Elderly population growing markedly, census finds
Winston-Salem Journal - The elderly population in Northwest North Carolina mountain counties is growing markedly, according to recent census estimates.
The numbers support a common perception that a lot of retirees are moving to the area. Experts say that improved medical care also promotes longer life spans that account for part of the increase.
Census data in a statistical area made up of Ashe, Watauga, Avery, Mitchell and Yancey counties show that 17.6 percent of the household population now is older than 65. That compares with 11.7 percent of household population older than 65 in North Carolina as a whole.
A recent study that ranked states according to the number of new elderly residents showed North Carolina in third place, after Florida and Arizona, said Ed Rosenberg, the director of the gerontology graduate program at ASU.
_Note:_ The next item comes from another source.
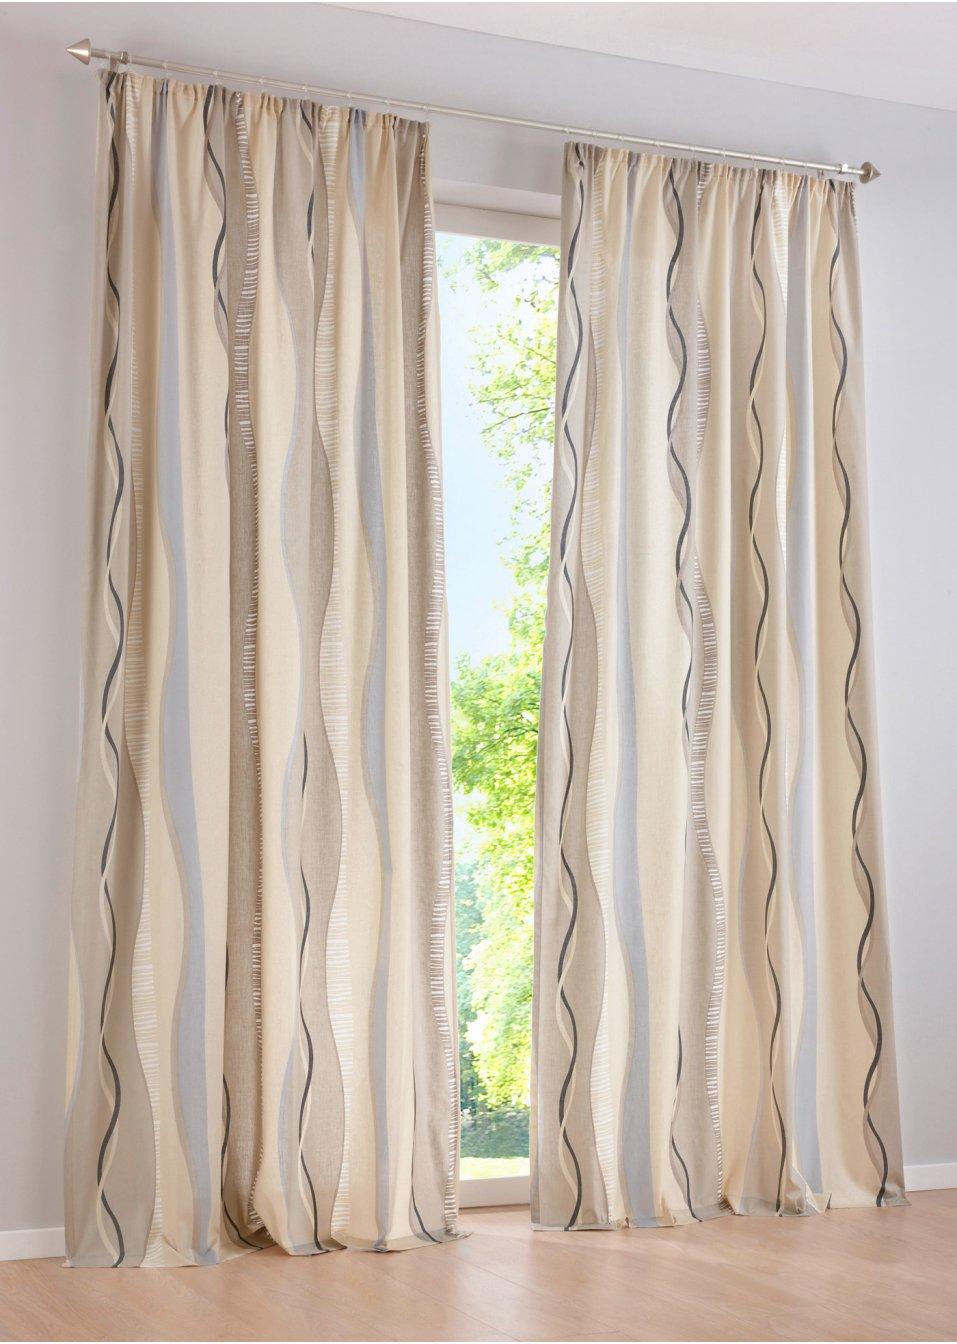 Vorhang timba 1er pack sand bpc living online kaufen - Bonprix vorhang ...

Census estimates show an 11.8 percent drop in ages 35 to 44 in Ashe, Watauga, Avery, Mitchell and Yancey counties. Those figures are more a reflection of cycles of births and the age groupings of the statistics than an exodus of young-er people leaving the mountains, Rosenberg said.
He said, however, that the aging mountain population will more than double in the coming decades.
Rosenberg has gathered figures that predict a 150 percent increase by 2030 in the number of people 65 and older in Ashe, Burke, Avery, Caldwell, Wilkes and Watauga counties. There is a similar increase for the population of people 85 and older.